PROBLEM LINK:
Contest: Hey Newbees, Here is Some Honey(Round 2)
Contest Link: Contest Page | CodeChef
Author: aimon_123
Tester: arghya_n
Editorialist: aimon_123
DIFFICULTY:
SIMPLE.
PREREQUISITES:
Greedy,Math.
Tutorial:
In the problem , At first, you have to find how much odd number and how much even number in there from 1 to n .
Then you have to find the number of operation performed by even number denoted e in code and the number of operation performed by odd number denoted o in the code .We can prove that , total operation = number of operation using even number+number of operation using odd number =(e*(e-1))/2 + (o*(o-1))/2
Total earning of Sam is = total operation * 2 = (e*(e-1)) + (o*(o-1))

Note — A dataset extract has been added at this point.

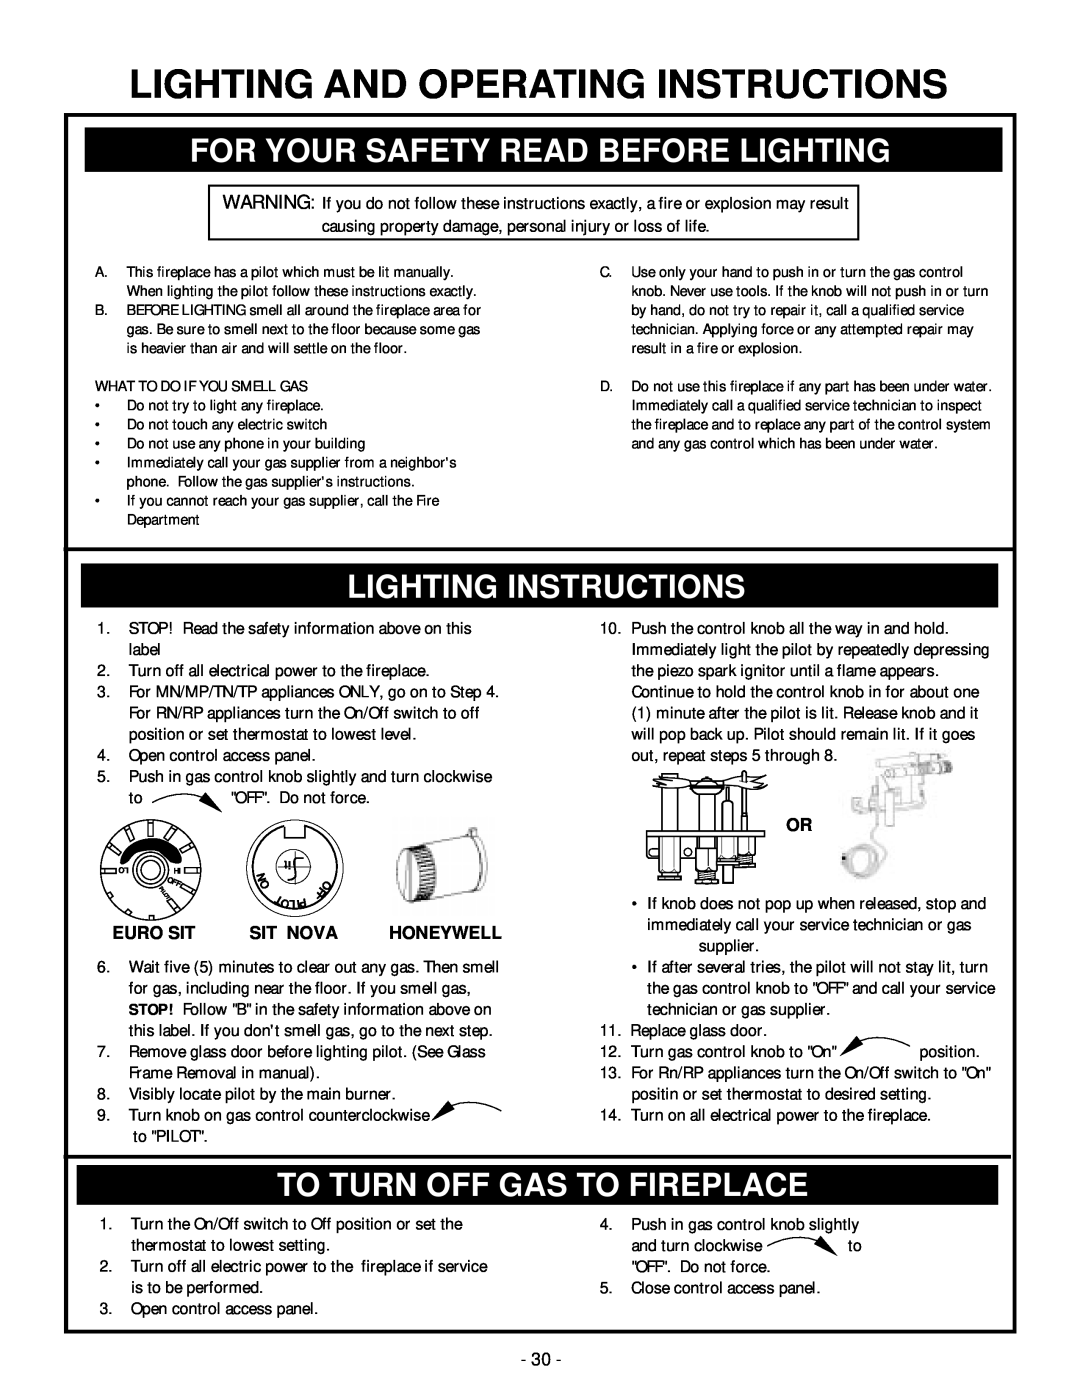 Vermont Casting BHDR36 For Your Safety Read Before Lighting, Lighting Instructions, To Turn Off Gas To Fireplace

Profit / loss (denoted m in the code) = x - Total earning of Sam
If(m > 0) Print m and profit,if(m < 0) print -m and loss,if(m=0) print 0 and null.
Source code :
CPP
//Code by ASIM FOIZE AIMON
//CSE’19;CUET
//avoid copy paste//Hit the friend button
#include <bits/stdc++.h>
using namespace std;
#define fastio ios_base::sync_with_stdio(false);cin.tie(NULL);
#define precise cout.precision(10); cout << fixed;
#define endl “\n”
#define int int64_t
#define ll long long
#define yes printf(“YES\n”)
#define no printf(“NO\n”)
int32_t main()
{
ll t;
cin>>t;
while(t--)
{
ll a[100001],b[100001],c=0,d=0,e,f,m,n,p,x,y,z,i,j,k;
string s;
cin>>n>>x;
if(n%2==0)
{
c=n/2;
d=n/2;
}
else
{
c=n/2;
d=n/2+1;
}
y=(c*(c-1))/2+(d*(d-1))/2;
m=x-(y*2);
if(m<0)
cout<< -m << " " << "Profit" << endl;
else if(m>0)
cout<< m << " " << "Loss" << endl;
else
cout<< 0 << " " << " Null " << endl;
}
}